## DESCRIPTION OF THE TASK
Write the entries out again in full and unchanged, dropping every image.

(Items listed in a dataset)
★ ★ ★

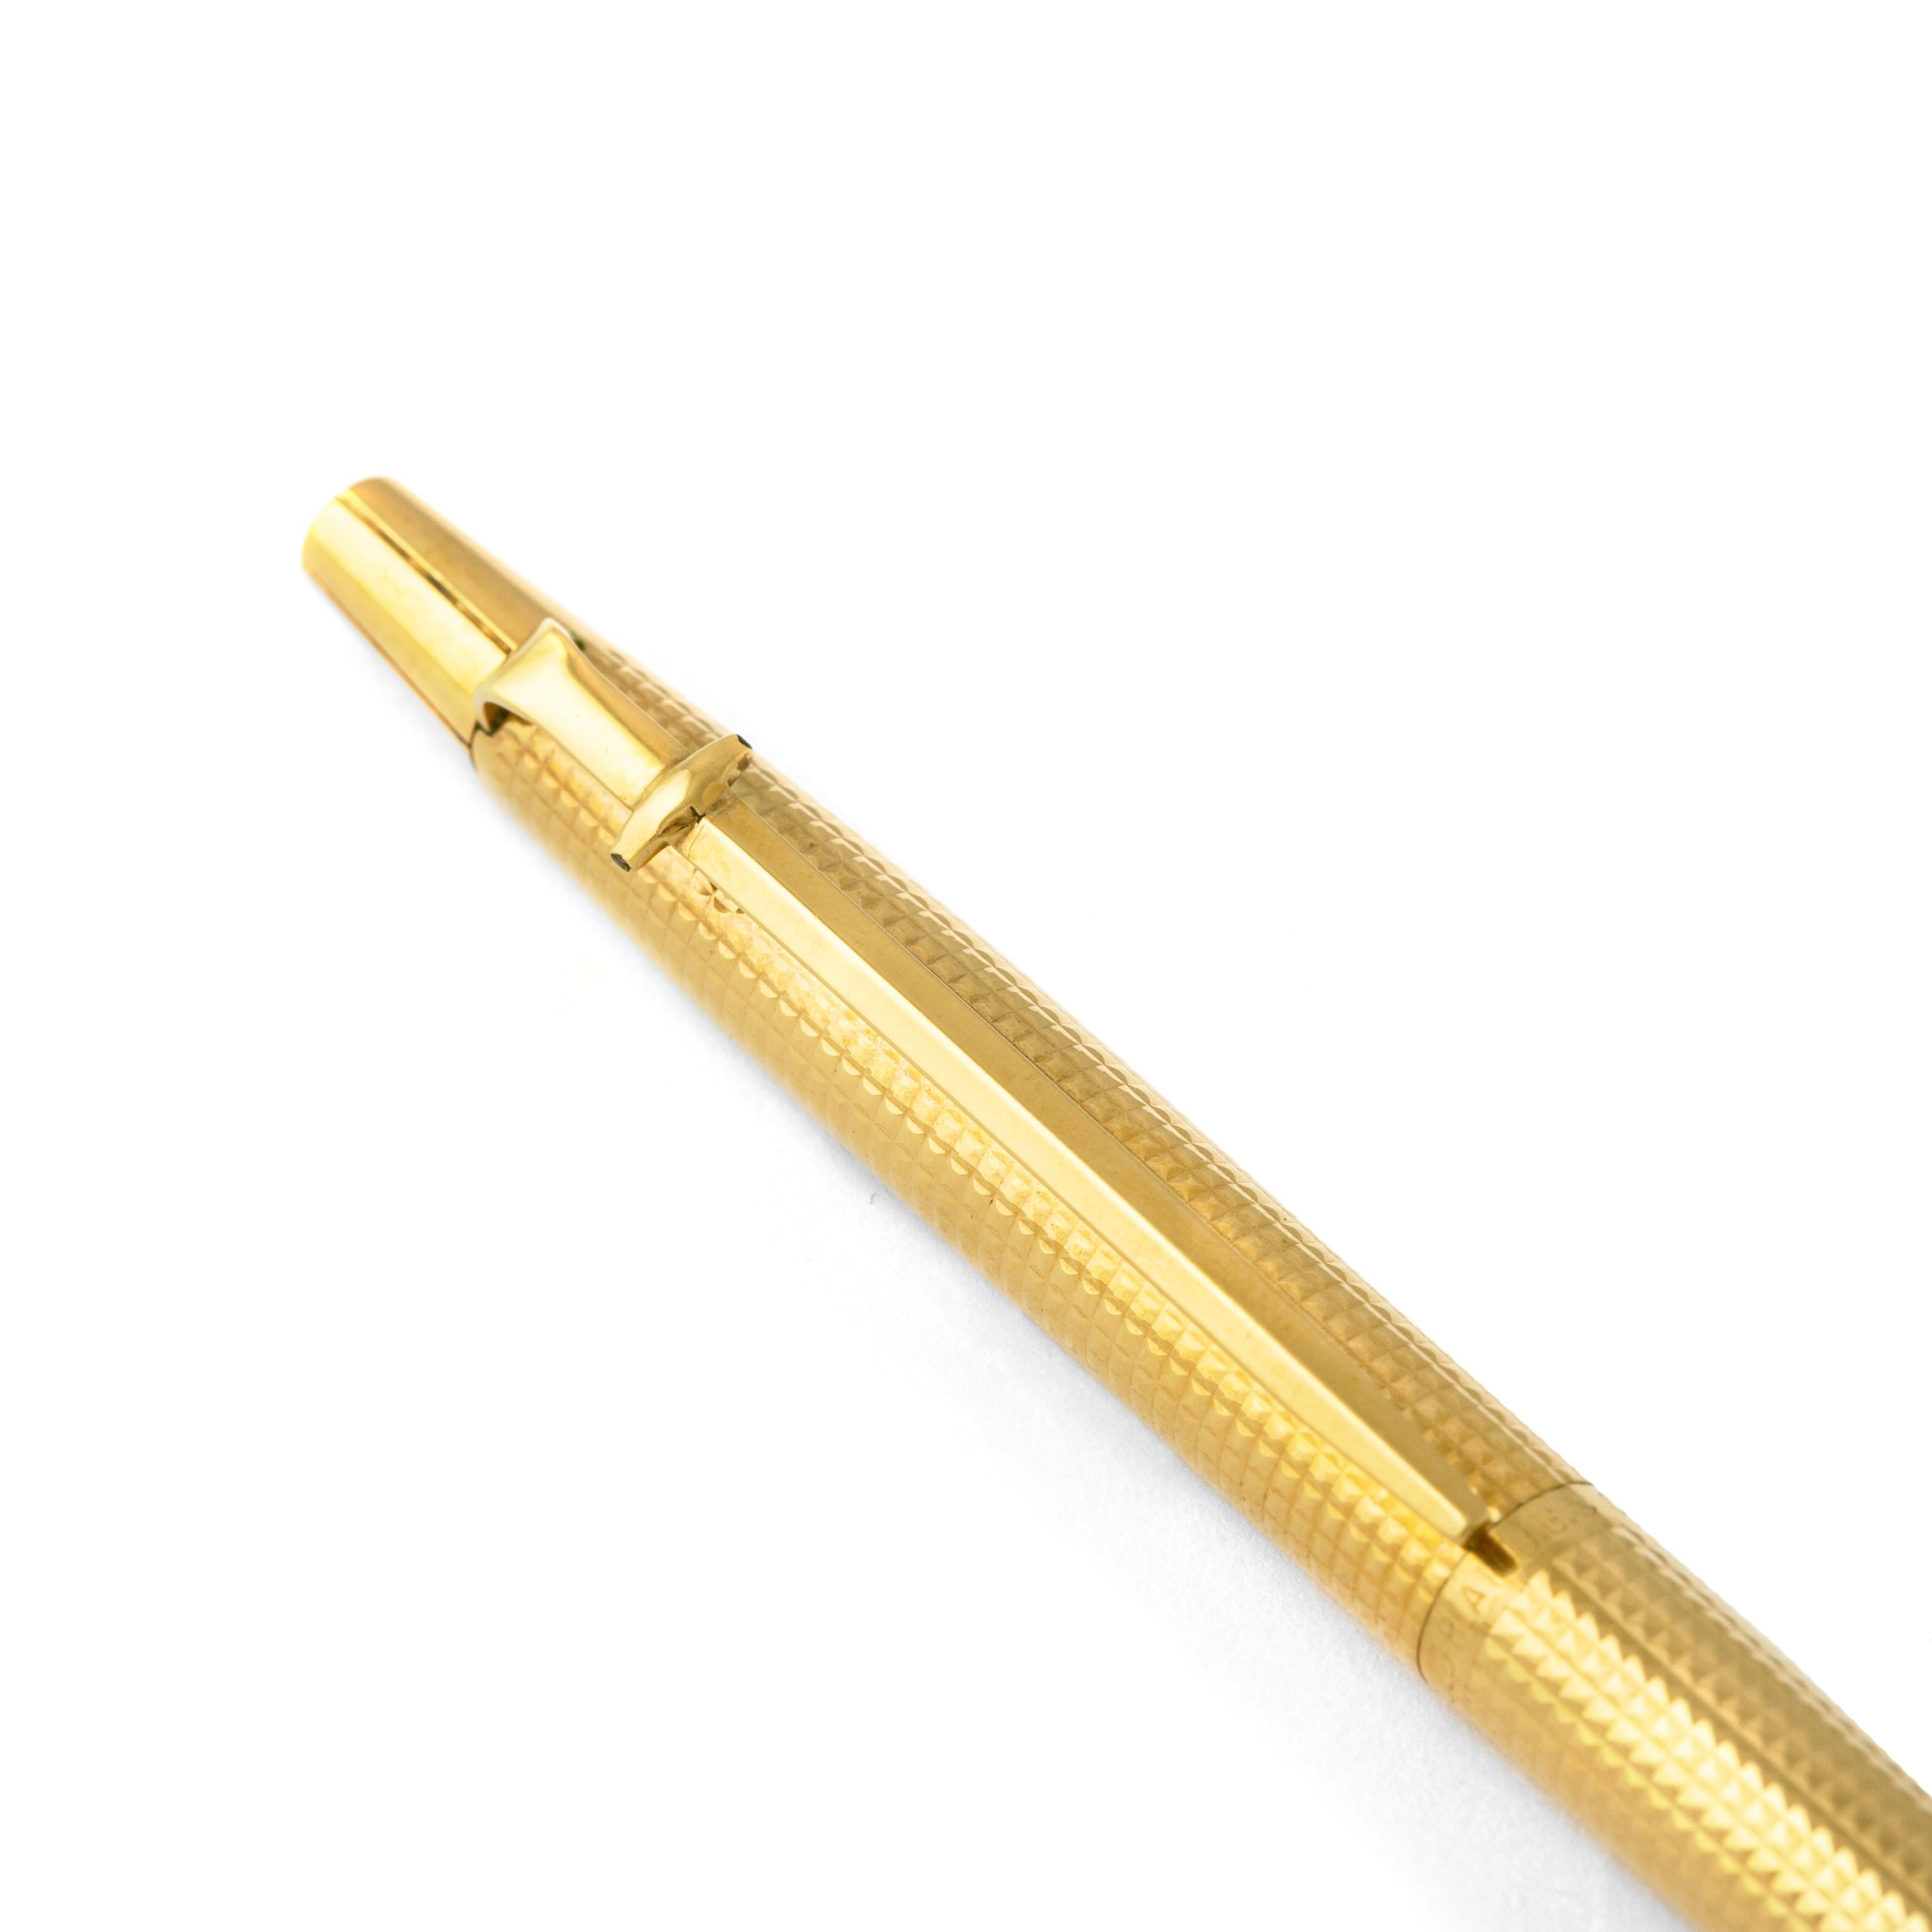 Caran d'Ache. Collection Madison. 
Gold plated BallPoint Pen.
Circa 1990. 
Dimensions: 13.50 x 0.80 centimeters.

Sold as is. We do not guarantee the proper functioning of this pen.

★ ★ ★

## RESPONSE AREA
 Caran d'Ache. Collection Madison. 
Gold plated BallPoint Pen.
Circa 1990. 
Dimensions: 13.50 x 0.80 centimeters.

Sold as is. We do not guarantee the proper functioning of this pen.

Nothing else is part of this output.